Advertisement

Sallie Ford Recruits Women, Adds A Keyboard, Seizes Her Rock ‘N' Roll Destiny

Sallie Ford (J. Quigley)
Sallie Ford (J. Quigley)

"I want it to huuuu-uuurt/ I want it.” So goes the chorus to “Dive In,” a fuzzed-out, upbeat little number off of Sallie Ford’s new album “Slap Back.” Bathed in distortion and a synthesized organ squeal, she sounds triumphant, soaring. No melancholy urge towards self-destruction is this, but an affirmation.

That’s Ford, the same woman who brought us songs like “Bad Boys,” from the 2013 album “Untamed Beast” with her former band the Sound Outside: “I can f---/ I can drink/ And I don’t care what you think/ You can say/ I’m just a girl/ But I’ve had a lady or two/ Bet she’d prefer me to you.” Mincing words has never been her style. But according to the Portland, Oregon, singer-songwriter—who performs at Great Scott in Allston on Nov. 12—“Slap Back” is even more straightforward than usual.

“The way I wrote before, maybe I was trying to channel Tom Waits or something,” explains Ford, who grew up in Asheville, North Carolina. “And make metaphors that were more fantastical, whereas this was not that at all. ... I just want to almost talk to people, instead of sing lyrics.”
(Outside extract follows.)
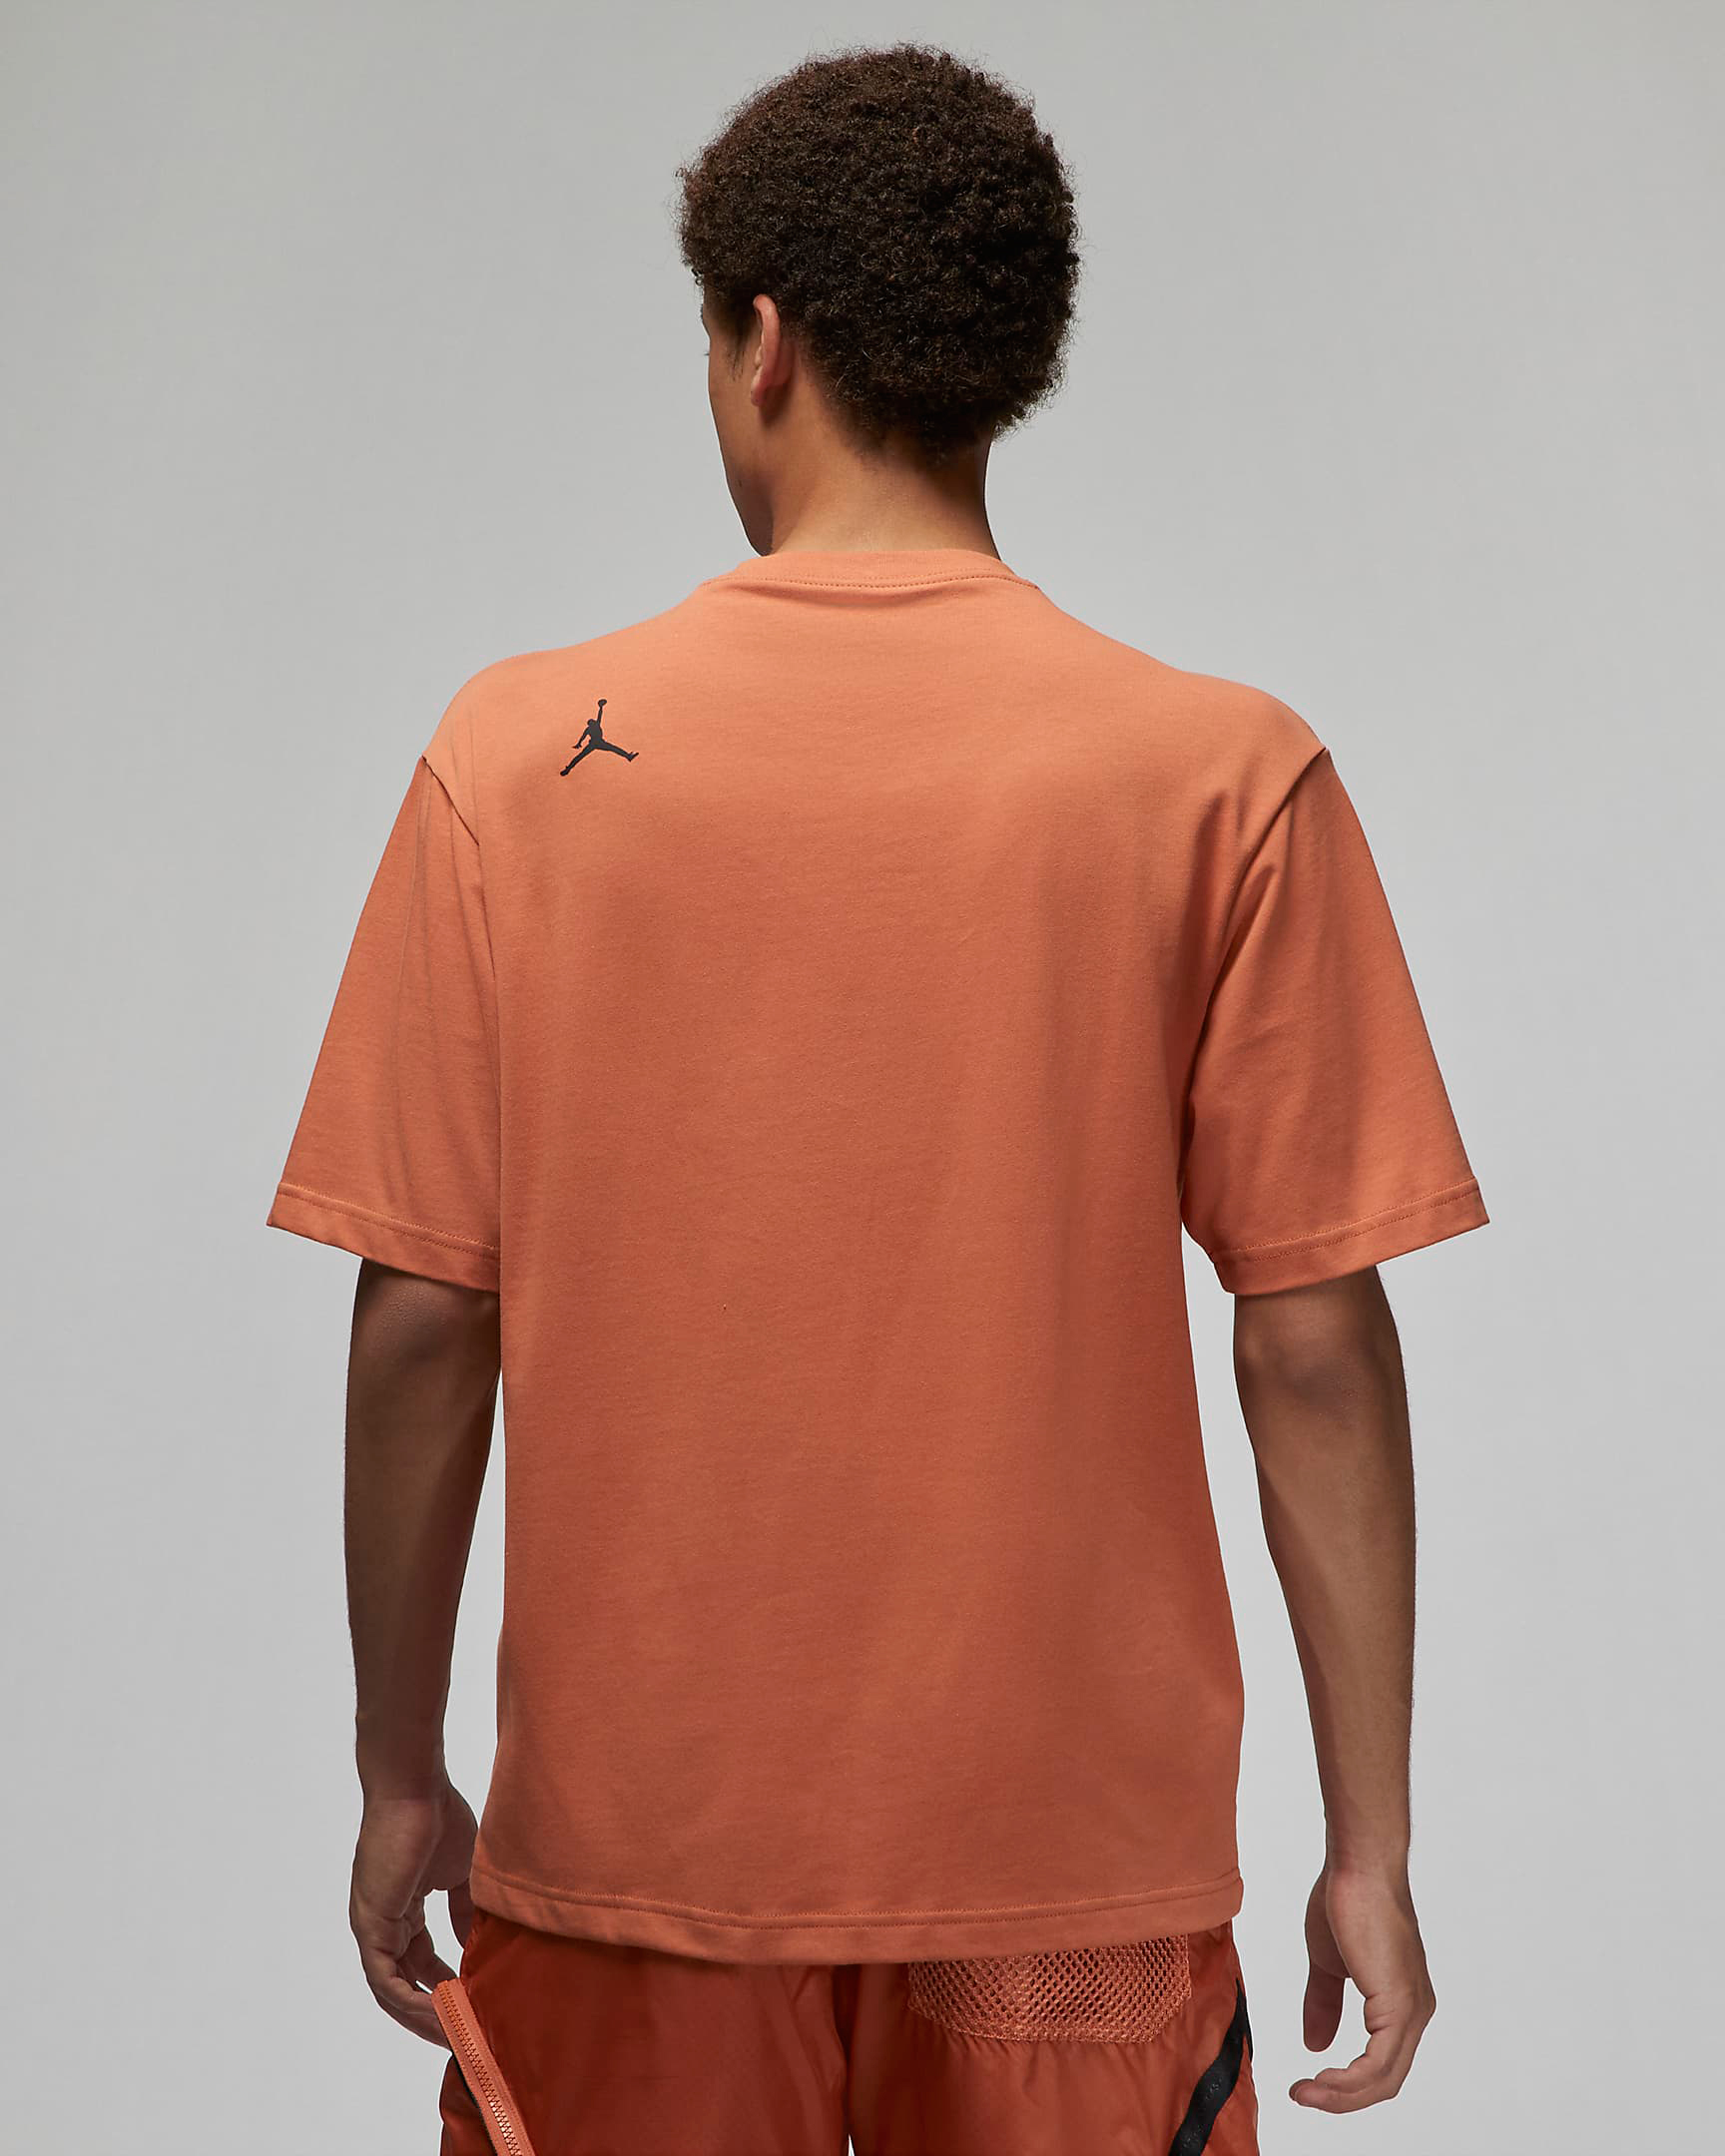 jordan-23-engineered-t-shirt-rust-oxide-orange-brown-2

“Slap Back” may be as characteristically direct as ever, but in many ways it represents a new beginning. In December of 2013, Ford announced the dissolution of her old band, a lineup billed as Sallie Ford and the Sound Outside. The group gained national attention in 2011 with the release of their first full-length album “Dirty Radio,” making their television debut on “The Late Show With David Letterman” that same year. Ford was lauded for her bruised, uninhibited vocal delivery, and her band for their jaunty, stripped-down aesthetic, which reminded many a reviewer of rockabilly, honky-tonk, and the attendant hipster-ish fashion associations.

“I think a lot of it is my glasses,” says Ford, who wears distinctive cat-eye frames. “I remember the first big show I played was with the Avett Brothers, and they were saying stuff about Buddy Holly, and I was like, ‘That is only because of my glasses, I swear.’”

“Slap Back,” which was produced by Chris Funk of the Decemberists, is not a major departure for Ford, but it does take a firm step away from the ‘50s, skipping delightedly into punk, garage, and psychedelic territory. Ford still writes catchy three-chord songs with bluesy inflection and a heavy backbeat. Only now, the watery reverb so reminiscent of early rock ‘n’ roll—the album’s title is a nod to the “slapback” effect pioneered by Elvis Presley’s producer Sam Phillips—has morphed into a scuzzy psych snarl. Though Ford still errs against sonic clutter, the addition of synths and a keyboard bring a bit of fizz to the concoction.

Perhaps most noticeably, the new lineup—Cristina Cano on keys, Anita Lee Elliott on bass, and Amanda Spring on drums—is all women. Ford describes the choice as a “daydream,” not a statement so much as the simple fulfillment of a wish to make music with other women.

“Now I feel a little silly about it because that’s all people are talking about. That we’re all girls,” admits Ford. “And I think it especially gets on the nerves of the girl musicians I’m playing with because I think they’ve [each] been struggling their whole music careers to be labeled as just ‘a musician who is really awesome,’ and not just because they’re a girl.”

The decision is nevertheless fitting for the forthright Ford, who has always managed to strike a slyly subversive stance amidst a male-dominated milieu. On her last album, “Untamed Beast,” there were songs like “Bad Boys” and “Party Kids,” which bluntly posited Ford as a tough guy—emphasis on the “guy.” “Yeah I like bad boys/ But I’m like a bad boy as well,” she smirks in the “Bad Boys” refrain. “You may think of me as just a little girl ... But I am here to prove you wrong.”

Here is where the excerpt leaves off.